I don’t know what your beliefs are on meditation, prayer, life after death, visitations, but this was real.  I felt him so strong.  He was with me in a tangible way.  There was no message delivered, other than to provide me with the peace and calm I’d been seeking when I began the meditation.  The joy at feeling him again was merely a by-product.  I don’t know why he chose not to come closer or why I couldn’t focus on him clearly.  These things are not important.  I hope he will visit again.  I think I understand now that all I needed to do was make the space for him – and that required practice and some repetition on my part.

April 26, 2012

Flashes

Filed under: A Post from Nadia — brianandnadia @ 6:00 am

4/21 – An idea of how food is new in my life.  I am getting hungry again.  I am eating less.  Not afraid of being hungry anymore.  Enjoy the feeling of real hunger.  Enjoy being in control of my food intake again.  No more uncontrolled snacking and grazing.  Eliminating extra and unnecessary calories.  Enjoyment starting to come back to eating now that I am preparing more food again.  Lost 25 pounds since December.  Still within healthy weight.  Will I lose more?
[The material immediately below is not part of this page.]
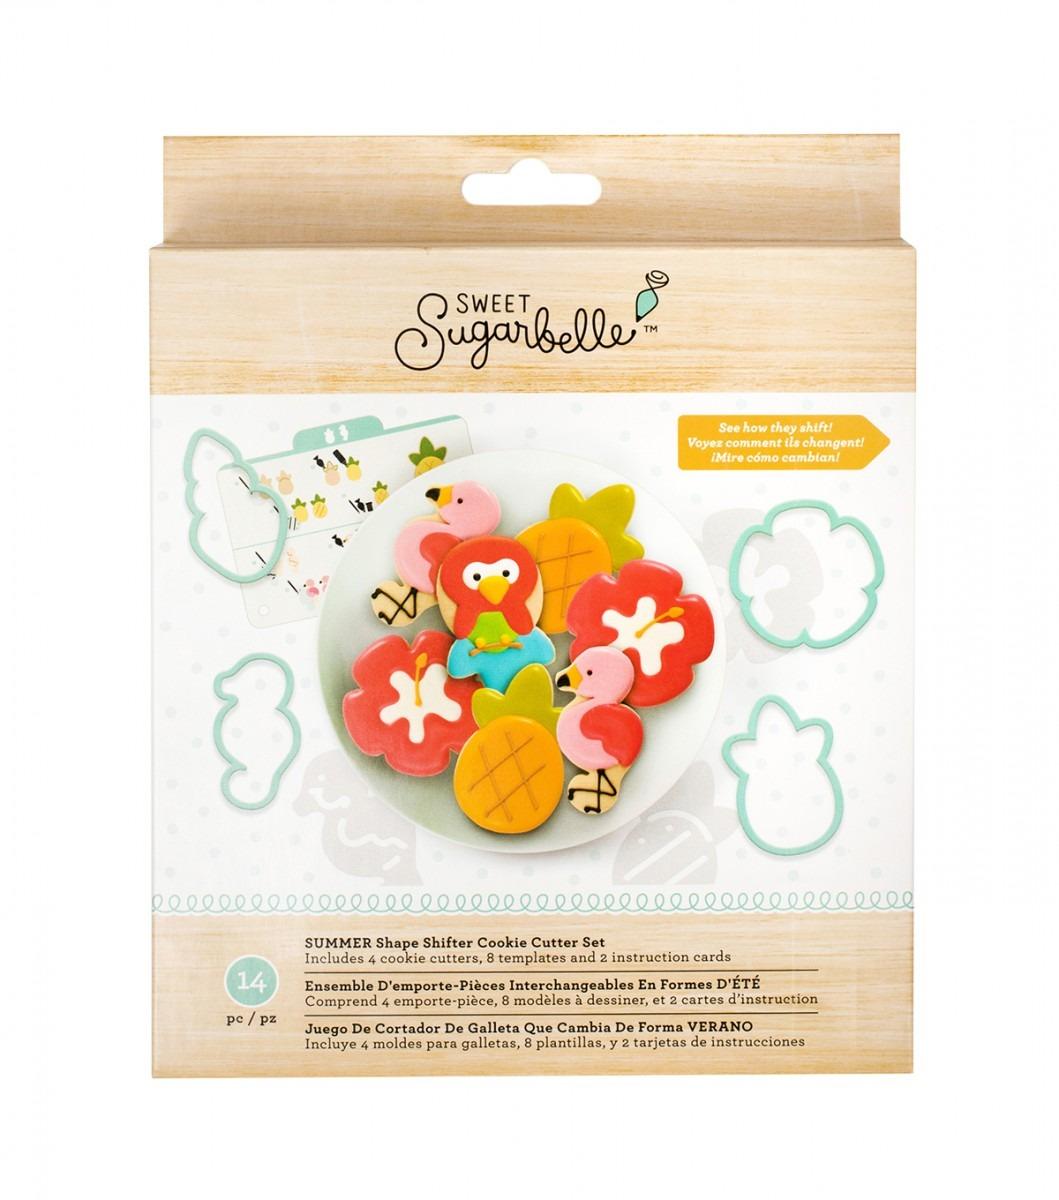 Sweet Sugarbelle Summer Shape Shifter Cookie Cutter Set

I think so.  Not much but I can tell I haven’t stabled out yet, my eating is not back exactly where it was.   I don’t feel out of control when I eat.  I feel more like the vegan I wanted to be. Meal choices are good and I feel stronger and healthier when I eat now.  Feel I’m moving in a good direction.  Large desserts are a once a week treat instead of a twice nightly event.  Enjoying the place of food in my life again, slowly but surely.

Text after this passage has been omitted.